La química Moreno explica que de los fármacos citados en las publicaciones, “el único medicamento que es usado para nebulizadores es el ventolín, pero debe ser la forma farmacéutica específica para nebulización. El resto de medicamentos no son diseñados para ese fin”.

Sobre el ventolín, Paredes indica que es una marca para el fármaco salbutamol, un medicamento conocido por ser una “terapia de rescate en patologías como asma o EPOC por su efecto broncodilatador, mejora el ingreso de aire”. Pero advierte que si es utilizado en pacientes con alguna patología crónica cardíaca o en tratamiento antihipertensivo, puede generar complicaciones.

El salbutamol está en la lista de medicamentos esenciales para el manejo del COVID-19 de la OMS como un broncodilatador.

La química Moreno indica que el mucosolvan o ambroxol se utiliza en caso de tos con flema para disminuir la mucosidad y su presentación es en jarabe. Sin embargo, detalla Paredes, “los pacientes COVID-19 no sufren de hipersecreción mucosa, que es una respuesta natural del organismo al percibir una invasión de la vía aérea”.

Para el especialista, en caso de que generen esa secreción, es moderada, por lo que el mucosolvan no es necesario en casos de COVID-19.

Finalmente, sobre la dexametasona la OMS afirma que es un “corticosteroide utilizado en gran variedad de afecciones por sus efectos antiinflamatorios e inmunosupresores” y “que no se debe tomar para prevenir la COVID-19 ni para tratar los síntomas leves que ocasiona”.

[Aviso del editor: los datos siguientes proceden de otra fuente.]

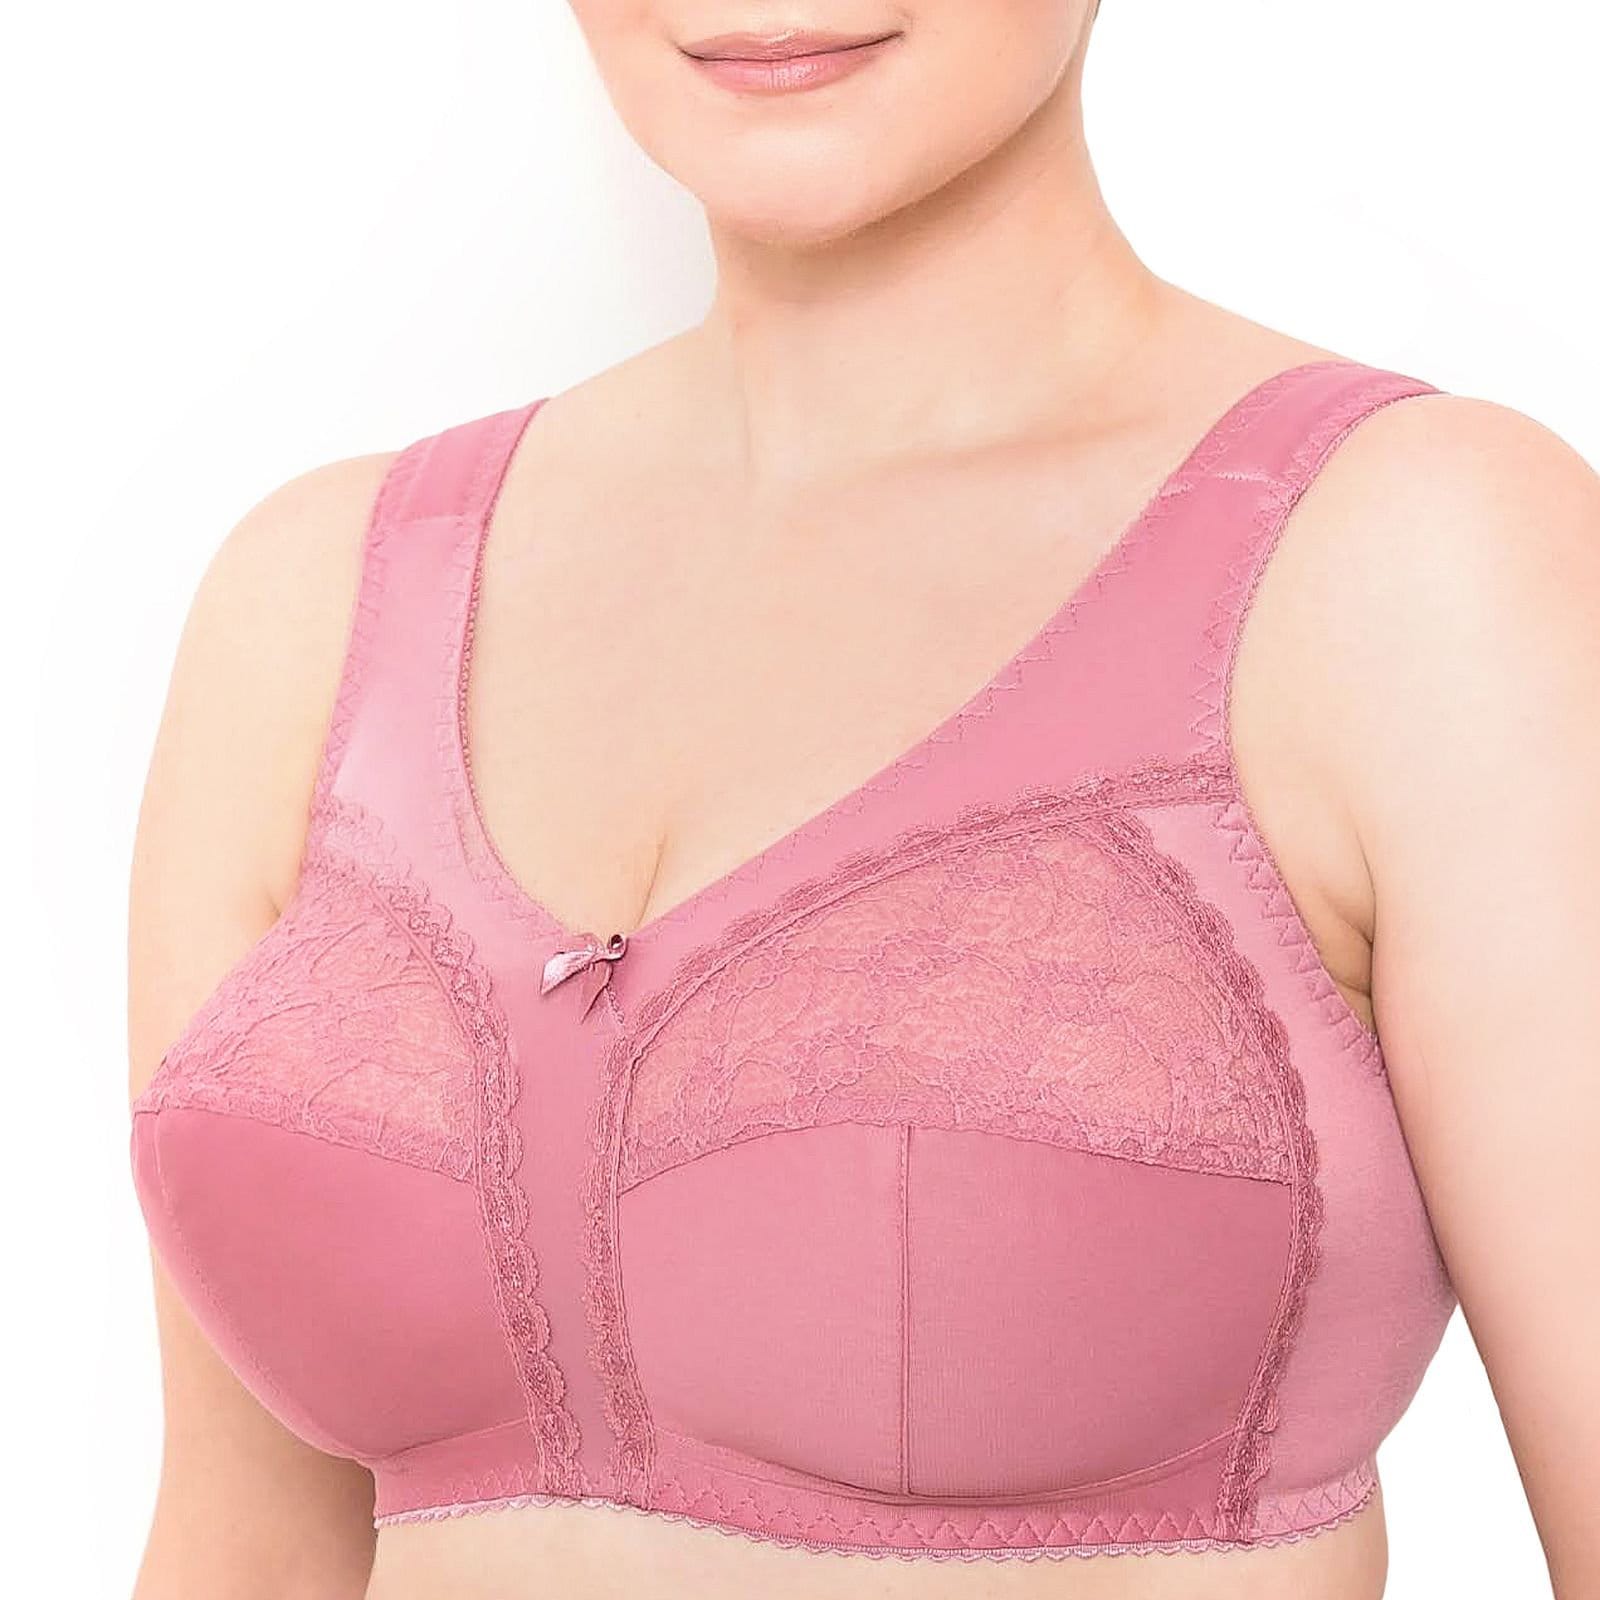 Wireless Plus Size Bra Minimizer Wide Straps Unlined Full Coverage 36 38 40  42 44 46 48 50 52/C D E F G H I J dusty Rose -  Hong Kong
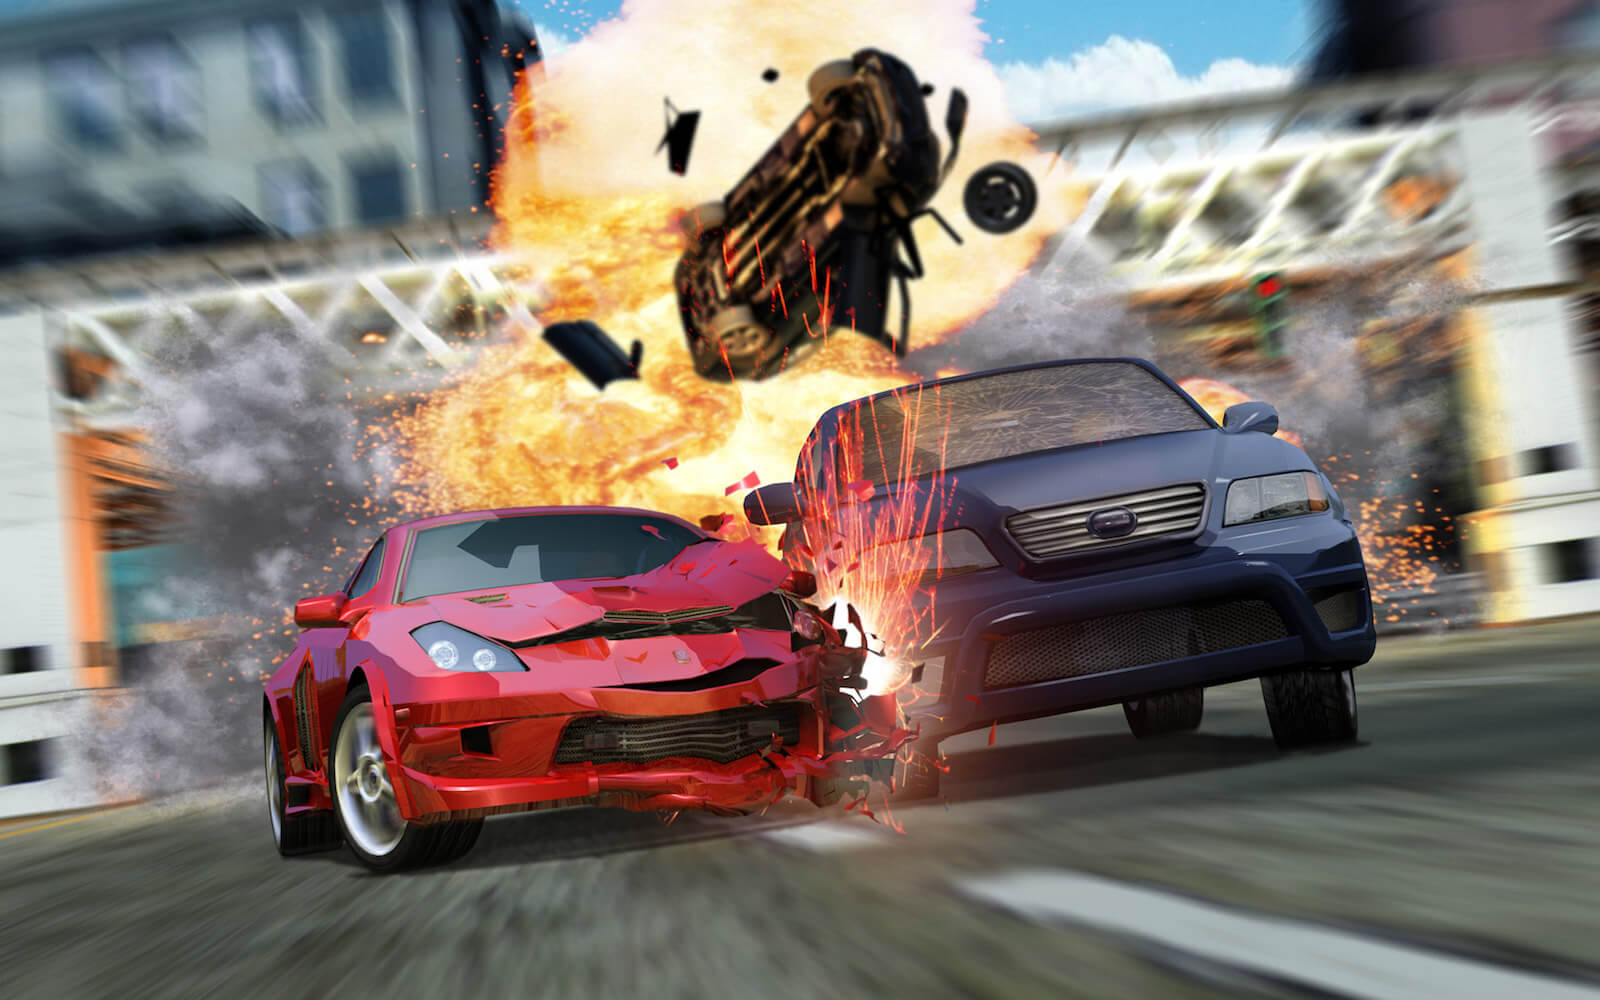 Burnout 3: Takedown / Revenge - The Cane and Rinse videogame podcast

Según Paredes, el consumo de este fármaco por parte de pacientes sin sintomatología “puede ser perjudicial al inhabilitar el sistema de defensa del organismo incluso con una sola ampolla”.

Y por último, la solución salina sí se usa en nebulizaciones pero como “transportador”, afirma Moreno, es decir, que “los medicamentos que se usan se disuelven en la solución y así llega al organismo”.

En resumen, de acuerdo con especialistas y recomendaciones de organismos de salud, gran parte de las afirmaciones que contiene el extenso video es falsa o no tiene fundamentos científicos.

*Esta verificación fue realizada con base en la información científica y oficial sobre el nuevo coronavirus disponible a la fecha de esta publicación.